⟨

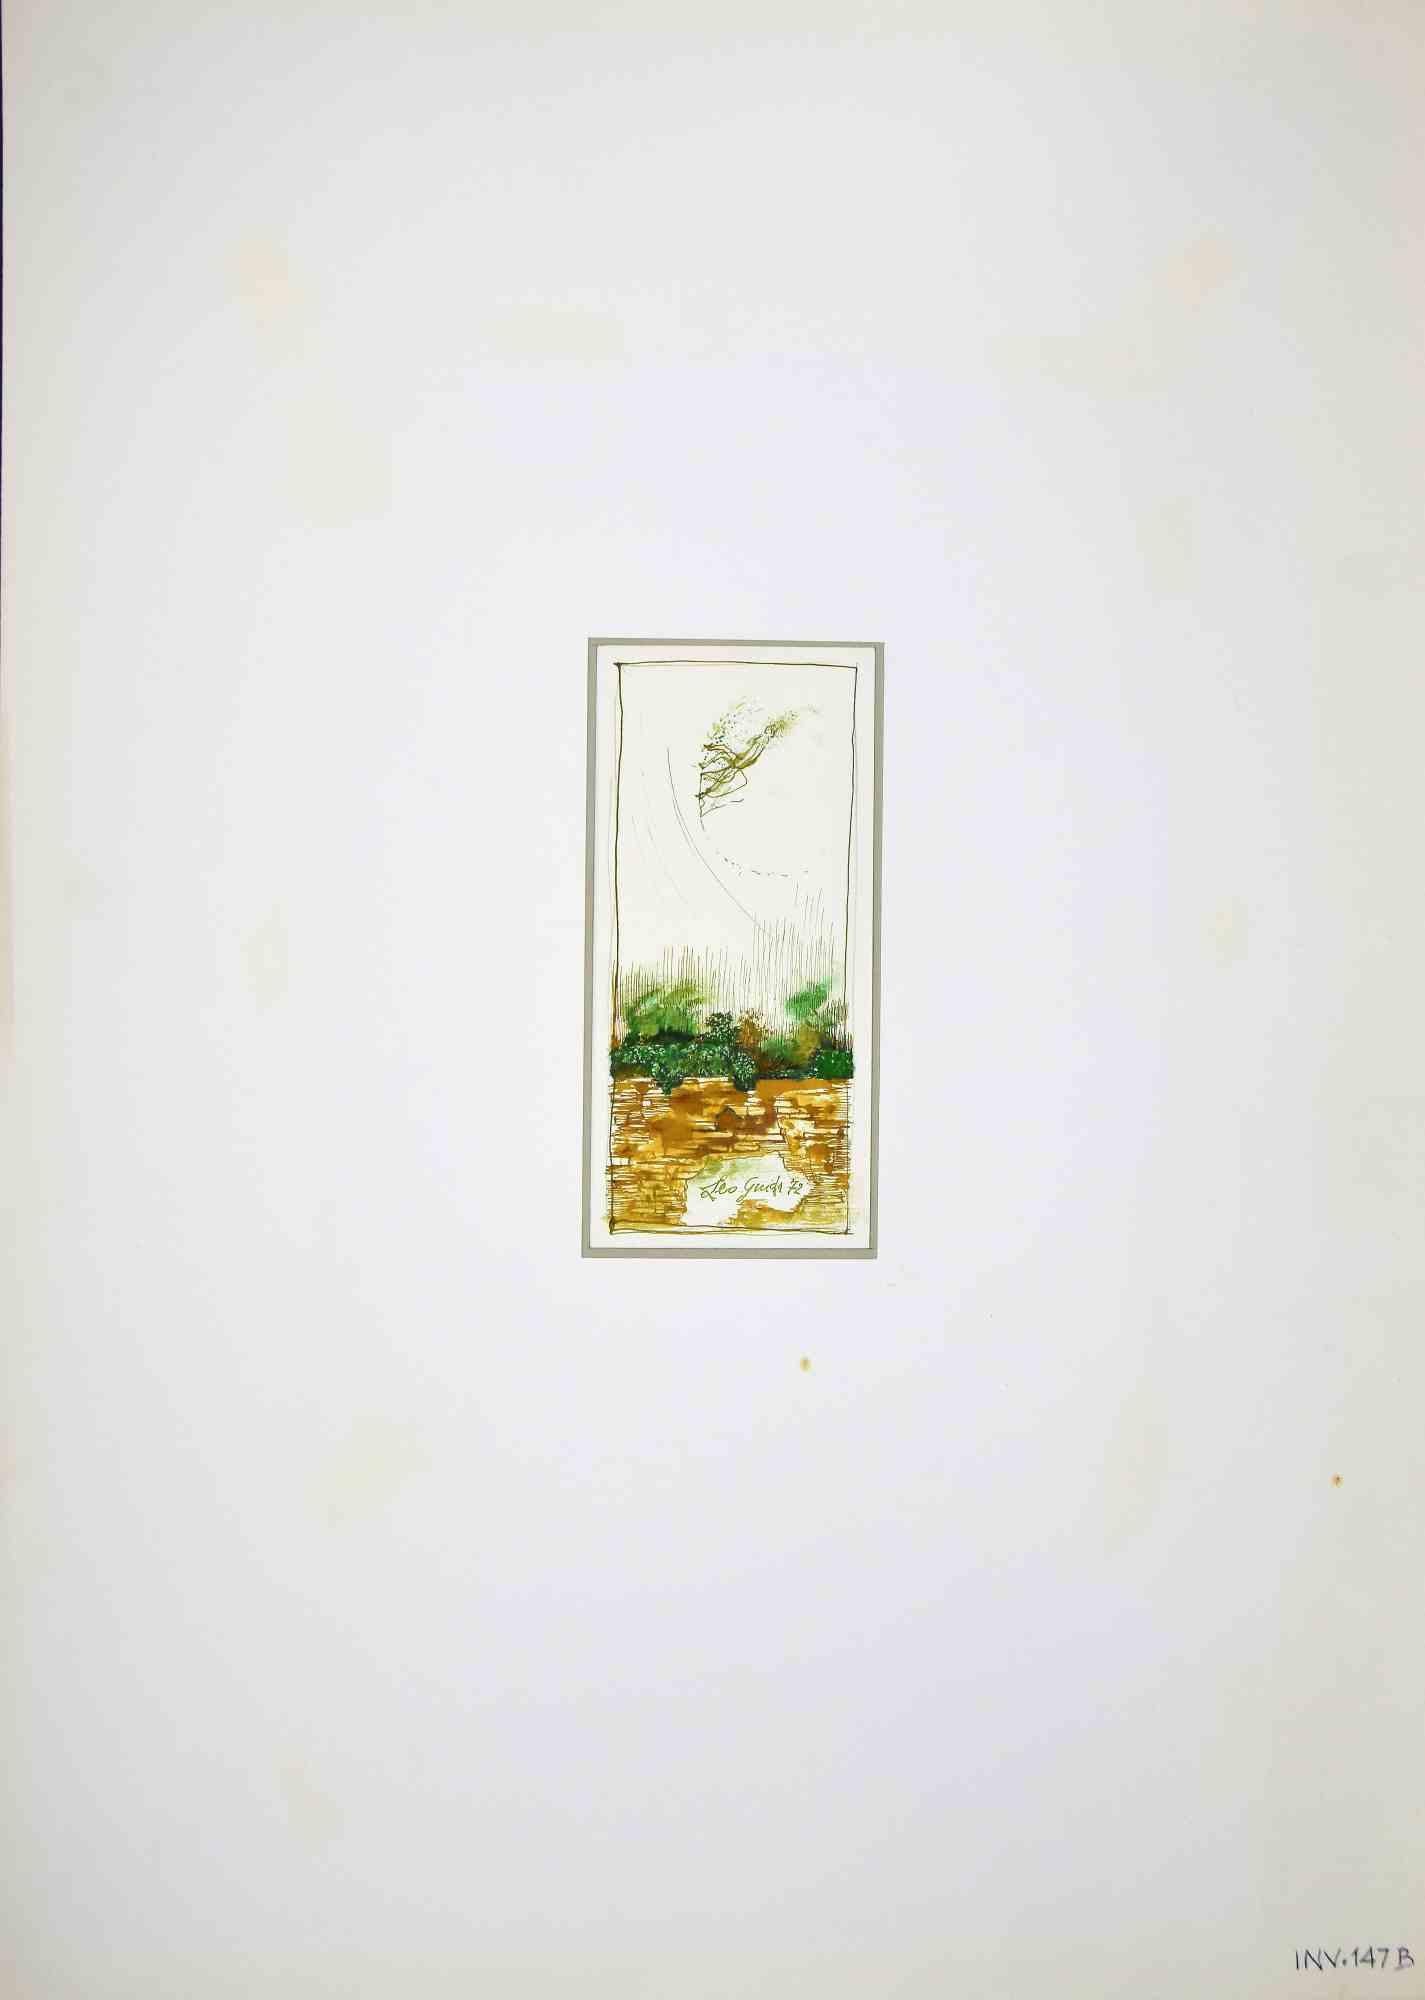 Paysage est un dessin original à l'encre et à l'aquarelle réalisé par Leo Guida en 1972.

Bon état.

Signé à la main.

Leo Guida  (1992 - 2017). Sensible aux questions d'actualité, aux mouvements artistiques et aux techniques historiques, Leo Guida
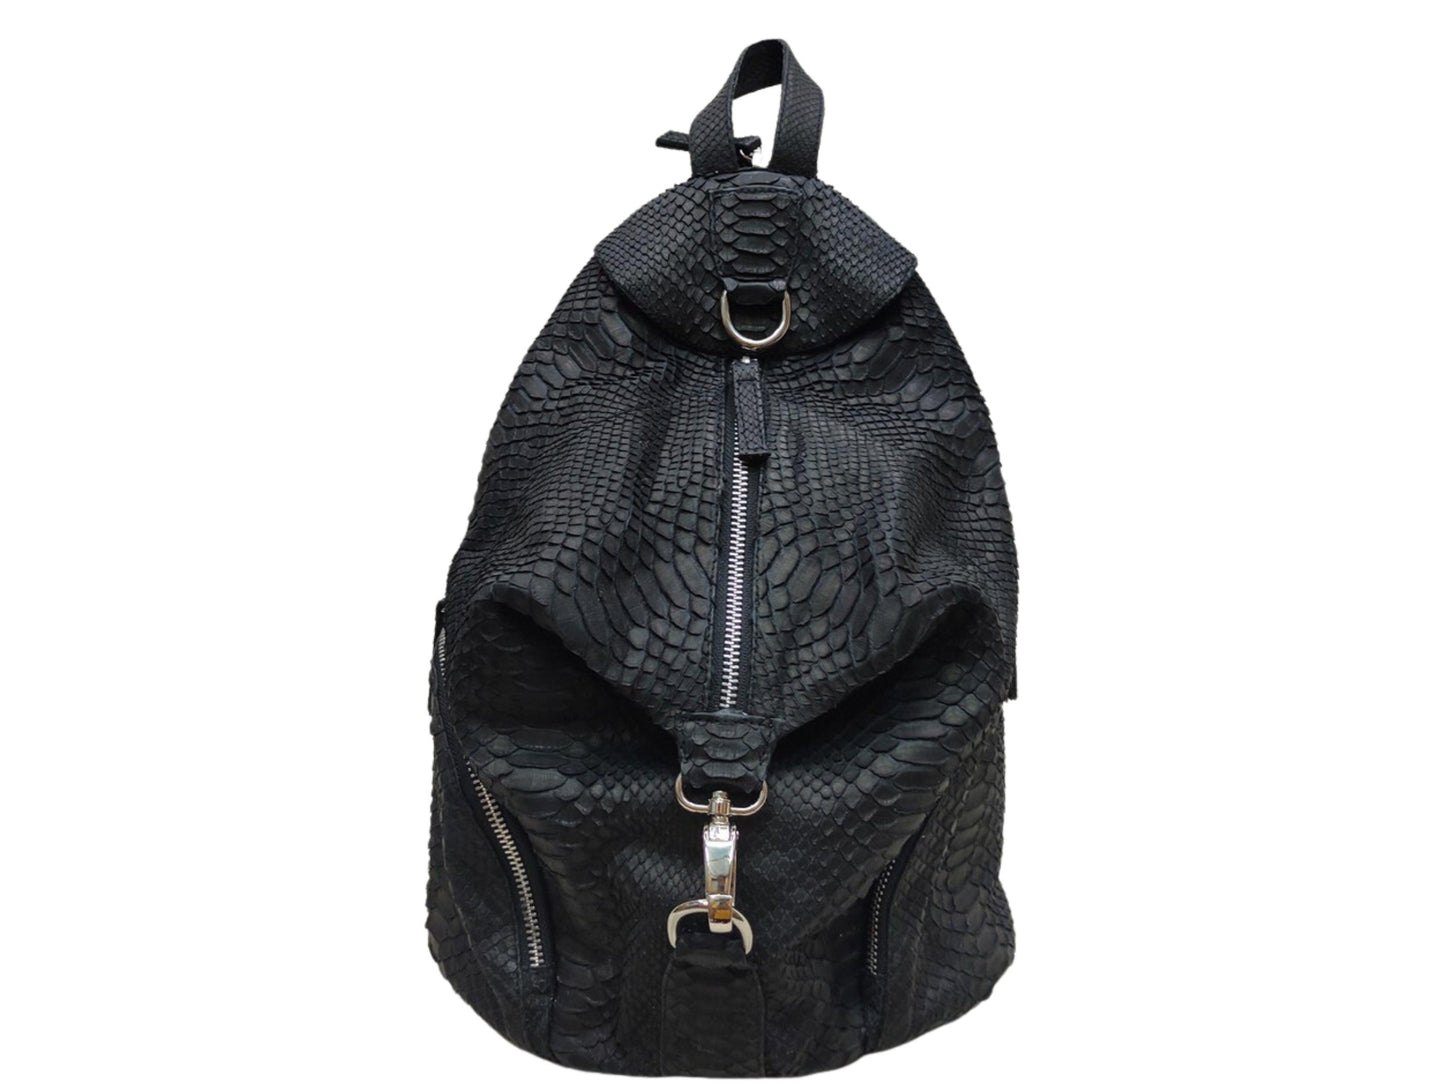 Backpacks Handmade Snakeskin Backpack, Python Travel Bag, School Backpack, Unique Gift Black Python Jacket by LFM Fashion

⟩
⟨

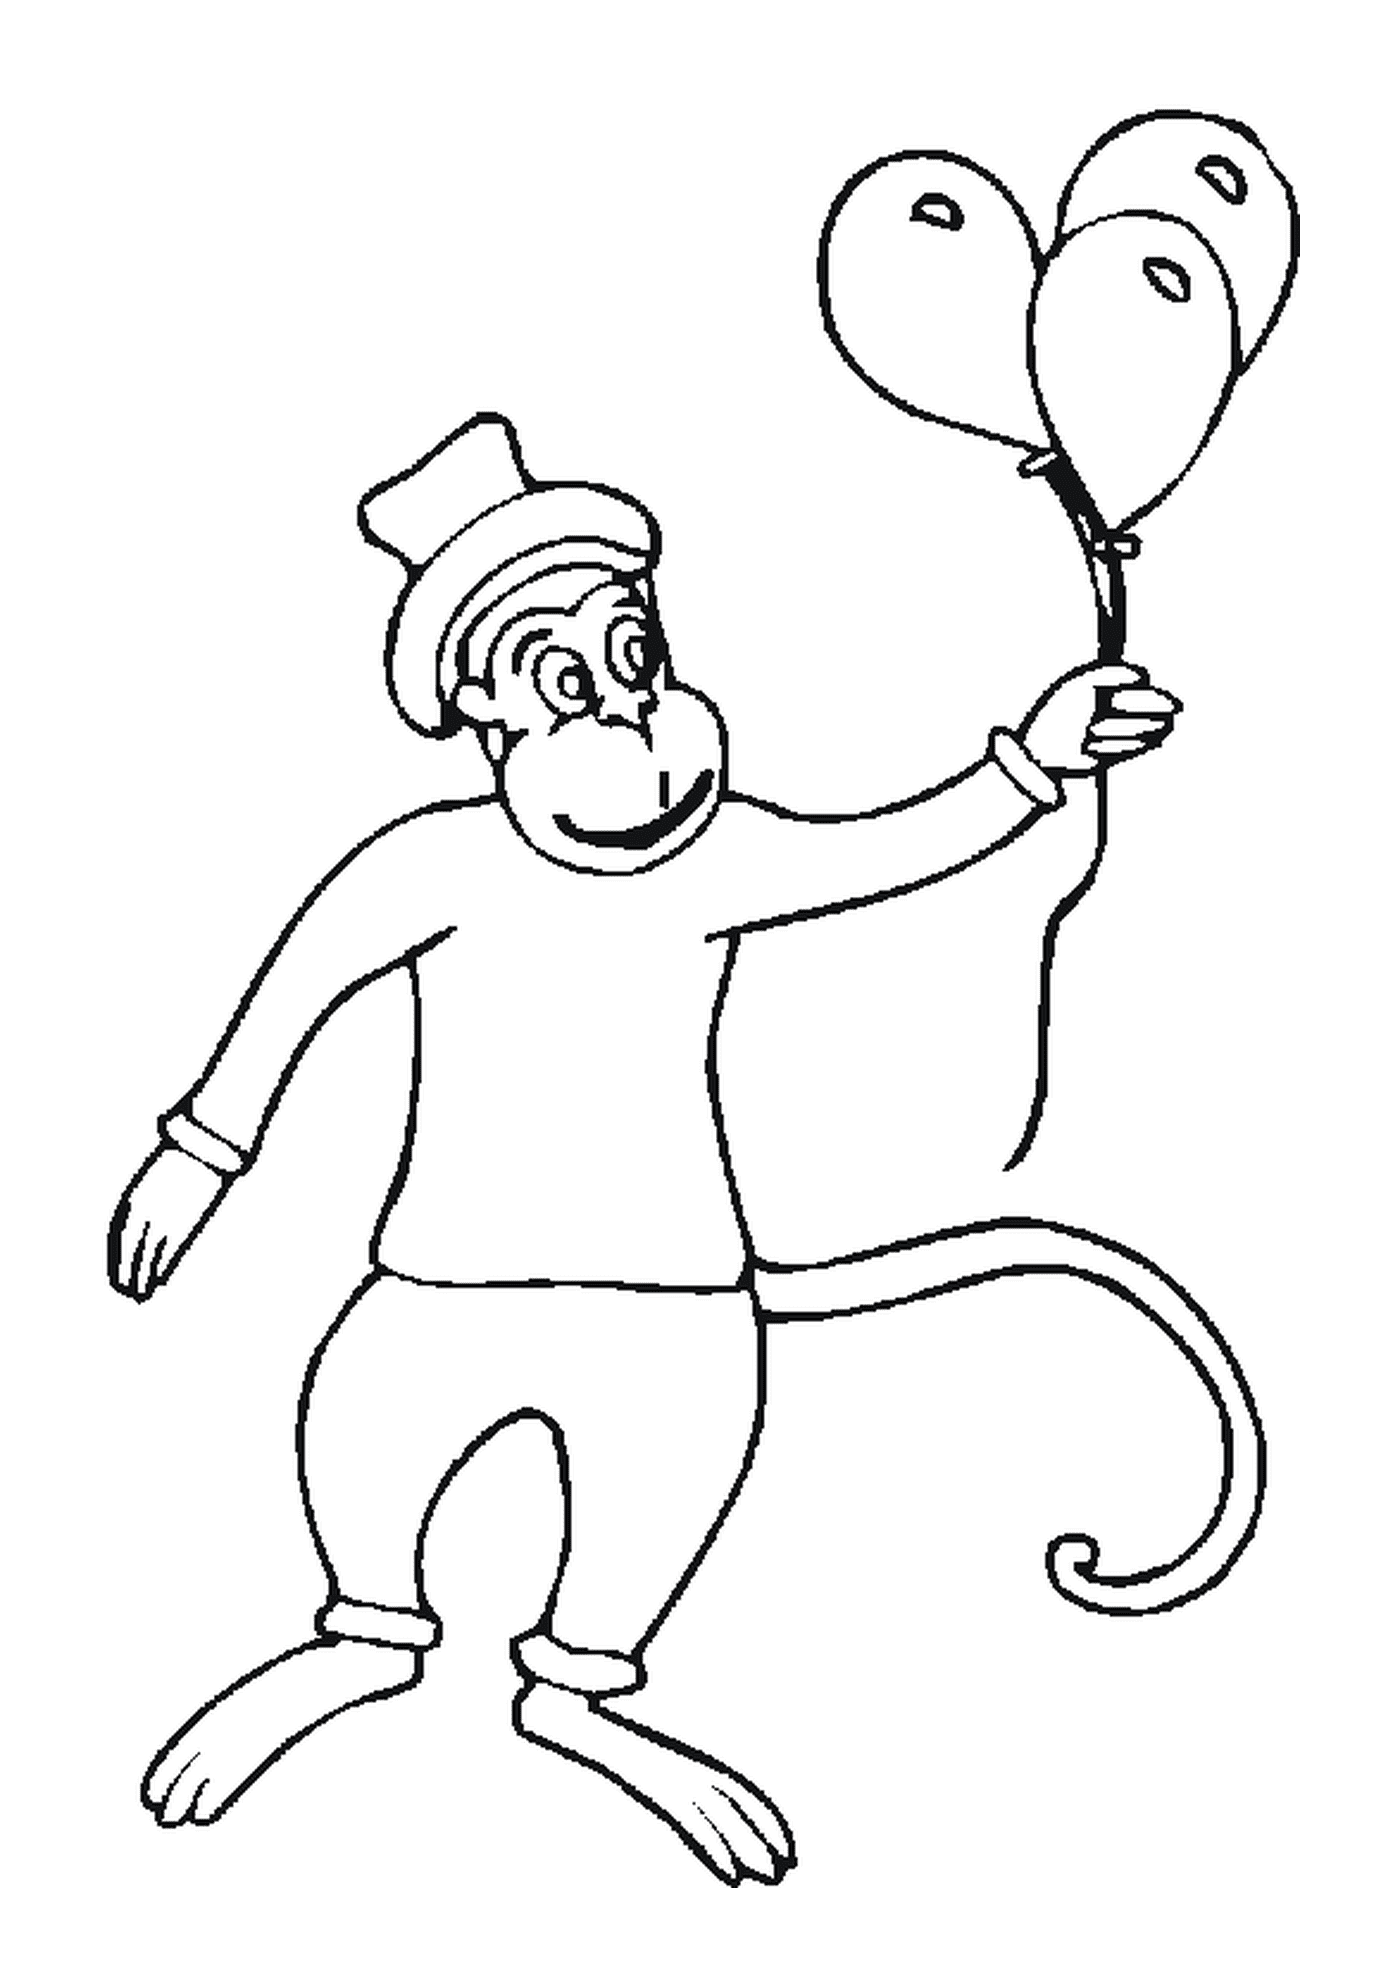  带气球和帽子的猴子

⟩

When you reach the line holding "Paysage est un" in the listing above, begin retyping exactly, and stop once the line holding "Backpacks Handmade Snakeskin" is done; pictures stay out.

 Paysage est un dessin original à l'encre et à l'aquarelle réalisé par Leo Guida en 1972.

Bon état.

Signé à la main.

Leo Guida  (1992 - 2017). Sensible aux questions d'actualité, aux mouvements artistiques et aux techniques historiques, Leo Guida
 Backpacks Handmade Snakeskin Backpack, Python Travel Bag, School Backpack, Unique Gift Black Python Jacket by LFM Fashion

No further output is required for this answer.